In advance of filing the lawsuit, Plate wasn't specific about what he's seeking from Cape May Brewing.

"Right now, I feel like I'm being prevented from proceeding with (my hard tea) based on Cape May's presence with this," Plate said. "Certainly, it would cause confusion in the market if I came out with a Shore Tea a couple months after they released theirs. What I really want to figure out is, how do we get hard tea drinkers in Philadelphia, Pennsylvania and New Jersey the best product in a way that's fair for everybody involved? I'm not trying to shut anybody down, but to me, this does have the ring of something that I should at least, at a minimum, be a part of."

Plate said he's passionate about beverages and being an entrepreneur. He's not overly concerned with what people are going to think of him for taking legal action over the Shore Tea name. It's a bit like Kramer taking on Calvin Klein after he was rebuffed on "Seinfeld" for his beach-scented cologne. There's humor in it. 
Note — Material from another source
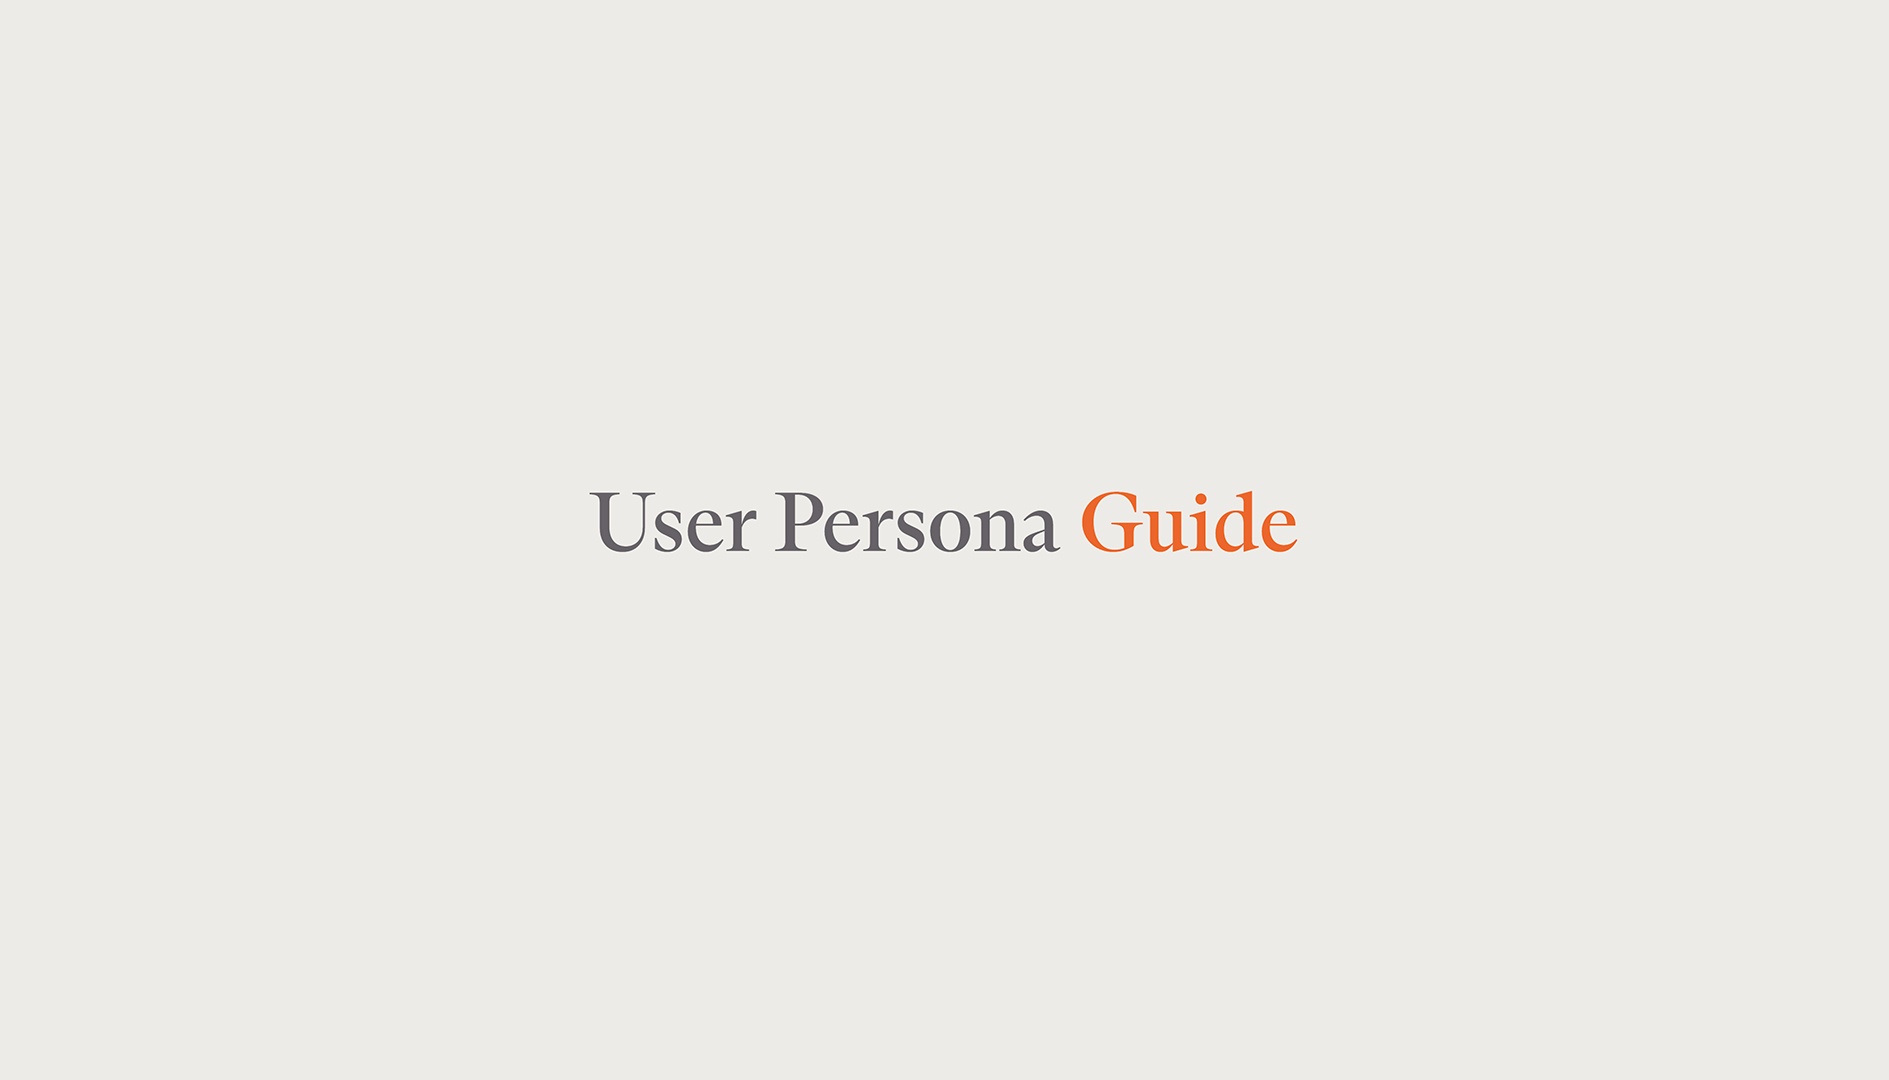 User Persona Guide - Intro

"Whenever you put yourself out there on the internet, there are people that come out of the woodwork to defame you or describe you as any number of things," Plate said. "And it's already happened, you know, people saying that I'm a baby."

Plate knows that he could press forward with his sugar-reduced hard tea concept using a different name, but the principle of the matter is that he wants to defend the name he trademarked and the story that his version of the Shore Tea brand would tell.

If he wants to win in court, Plate may have to prove that the Shore Tea on the market got its name as a result of his failed pitch to Cape May Brewing.

"Whether it's extremely novel or not doesn't necessarily foreclose on the idea that I created something, registered something and brought it to them," Plate said.

This story was updated to include a response from a spokesperson from Cape May Brewing Co.